Solution:

Given, two equal charges Q are placed at a distance d from each other.

A charge q is placed at the center of the line joining the two charges.

To find: the value of q for which the system of the three charges will be in equilibrium.

Let us assume that the charges Q are positive and q is negative.

We know that the electrostatic force between two charges is directly proportional to the product of their charges and inversely proportional to the square of the distance between them.

Hence, the magnitude of the electrostatic force between the two charges Q is given by:

F = kQ²/d²

where k is the Coulomb's constant.

Now, let us consider the forces acting on the charge q.

The force due to the charge Q on the left is towards the right and the force due to the charge Q on the right is towards the left. These two forces cancel out each other as they are equal in magnitude and opposite in direction.

Hence, the net force on the charge q is zero.

For equilibrium, the net force on the charge q should be zero.

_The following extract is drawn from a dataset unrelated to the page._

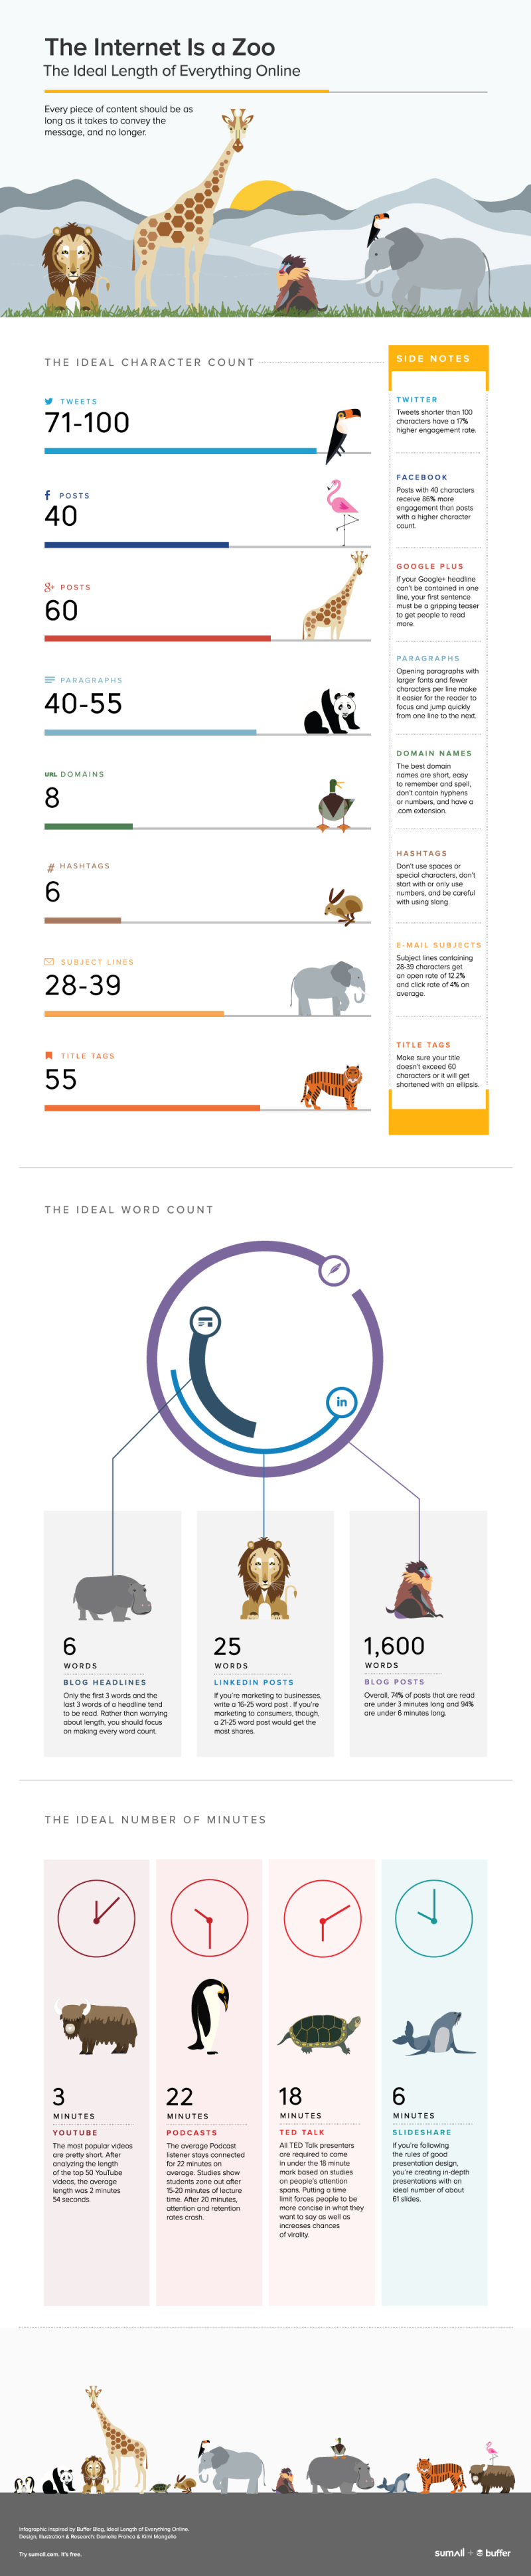 social-media-length-infographic-2014-SumAll-Buffer

Hence, the force due to the charges Q should be balanced by the force due to the charge q.

The force due to the charge q on the left charge Q is towards the left and the force due to the charge q on the right charge Q is towards the right.

Hence, the magnitude of the force due to the charge q on each charge Q is given by:

F' = kqQ/(d/2)²

where d/2 is the distance between the charge q and each charge Q.

Since the net force on the charge q is zero, we have:

2F' = F

kqQ/(d/2)² = kQ²/d²

Simplifying, we get:

q = -Q/4

Hence, the value of q for which the system of the three charges will be in equilibrium is -Q/4.